**Data records:**
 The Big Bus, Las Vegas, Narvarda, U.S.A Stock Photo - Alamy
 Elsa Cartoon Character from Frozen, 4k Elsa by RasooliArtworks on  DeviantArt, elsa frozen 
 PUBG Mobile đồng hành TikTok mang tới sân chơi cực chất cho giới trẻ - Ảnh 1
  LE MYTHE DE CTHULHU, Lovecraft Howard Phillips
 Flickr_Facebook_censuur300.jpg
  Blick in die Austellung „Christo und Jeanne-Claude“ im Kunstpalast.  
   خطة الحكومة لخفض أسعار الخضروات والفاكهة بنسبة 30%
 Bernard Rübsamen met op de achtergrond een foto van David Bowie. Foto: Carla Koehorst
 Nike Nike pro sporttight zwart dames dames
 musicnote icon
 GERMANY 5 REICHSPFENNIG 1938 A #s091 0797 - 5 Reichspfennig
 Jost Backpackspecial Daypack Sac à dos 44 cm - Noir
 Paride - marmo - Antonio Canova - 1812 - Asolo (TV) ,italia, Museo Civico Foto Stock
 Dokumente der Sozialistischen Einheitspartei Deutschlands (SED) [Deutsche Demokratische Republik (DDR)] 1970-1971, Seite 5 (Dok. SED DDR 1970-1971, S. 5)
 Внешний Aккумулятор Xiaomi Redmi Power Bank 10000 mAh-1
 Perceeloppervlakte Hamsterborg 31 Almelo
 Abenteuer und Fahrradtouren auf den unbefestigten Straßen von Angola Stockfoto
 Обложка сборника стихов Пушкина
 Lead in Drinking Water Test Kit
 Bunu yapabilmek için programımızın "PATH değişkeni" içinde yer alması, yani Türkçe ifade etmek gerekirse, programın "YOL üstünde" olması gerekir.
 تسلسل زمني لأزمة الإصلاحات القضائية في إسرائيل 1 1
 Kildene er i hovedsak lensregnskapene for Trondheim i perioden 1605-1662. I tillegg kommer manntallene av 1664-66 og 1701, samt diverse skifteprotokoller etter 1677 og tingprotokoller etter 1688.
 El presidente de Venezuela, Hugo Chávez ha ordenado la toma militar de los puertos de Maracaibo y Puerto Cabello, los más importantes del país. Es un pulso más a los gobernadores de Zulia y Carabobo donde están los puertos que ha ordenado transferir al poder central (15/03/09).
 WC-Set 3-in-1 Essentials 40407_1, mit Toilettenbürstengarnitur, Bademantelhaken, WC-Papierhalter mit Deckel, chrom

**Action item:**
Extract the lines above from the one containing "Paride - marmo" to the last line, both included, exactly as written.

**Output for this task:**
 Paride - marmo - Antonio Canova - 1812 - Asolo (TV) ,italia, Museo Civico Foto Stock
 Dokumente der Sozialistischen Einheitspartei Deutschlands (SED) [Deutsche Demokratische Republik (DDR)] 1970-1971, Seite 5 (Dok. SED DDR 1970-1971, S. 5)
 Внешний Aккумулятор Xiaomi Redmi Power Bank 10000 mAh-1
 Perceeloppervlakte Hamsterborg 31 Almelo
 Abenteuer und Fahrradtouren auf den unbefestigten Straßen von Angola Stockfoto
 Обложка сборника стихов Пушкина
 Lead in Drinking Water Test Kit
 Bunu yapabilmek için programımızın "PATH değişkeni" içinde yer alması, yani Türkçe ifade etmek gerekirse, programın "YOL üstünde" olması gerekir.
 تسلسل زمني لأزمة الإصلاحات القضائية في إسرائيل 1 1
 Kildene er i hovedsak lensregnskapene for Trondheim i perioden 1605-1662. I tillegg kommer manntallene av 1664-66 og 1701, samt diverse skifteprotokoller etter 1677 og tingprotokoller etter 1688.
 El presidente de Venezuela, Hugo Chávez ha ordenado la toma militar de los puertos de Maracaibo y Puerto Cabello, los más importantes del país. Es un pulso más a los gobernadores de Zulia y Carabobo donde están los puertos que ha ordenado transferir al poder central (15/03/09).
 WC-Set 3-in-1 Essentials 40407_1, mit Toilettenbürstengarnitur, Bademantelhaken, WC-Papierhalter mit Deckel, chrom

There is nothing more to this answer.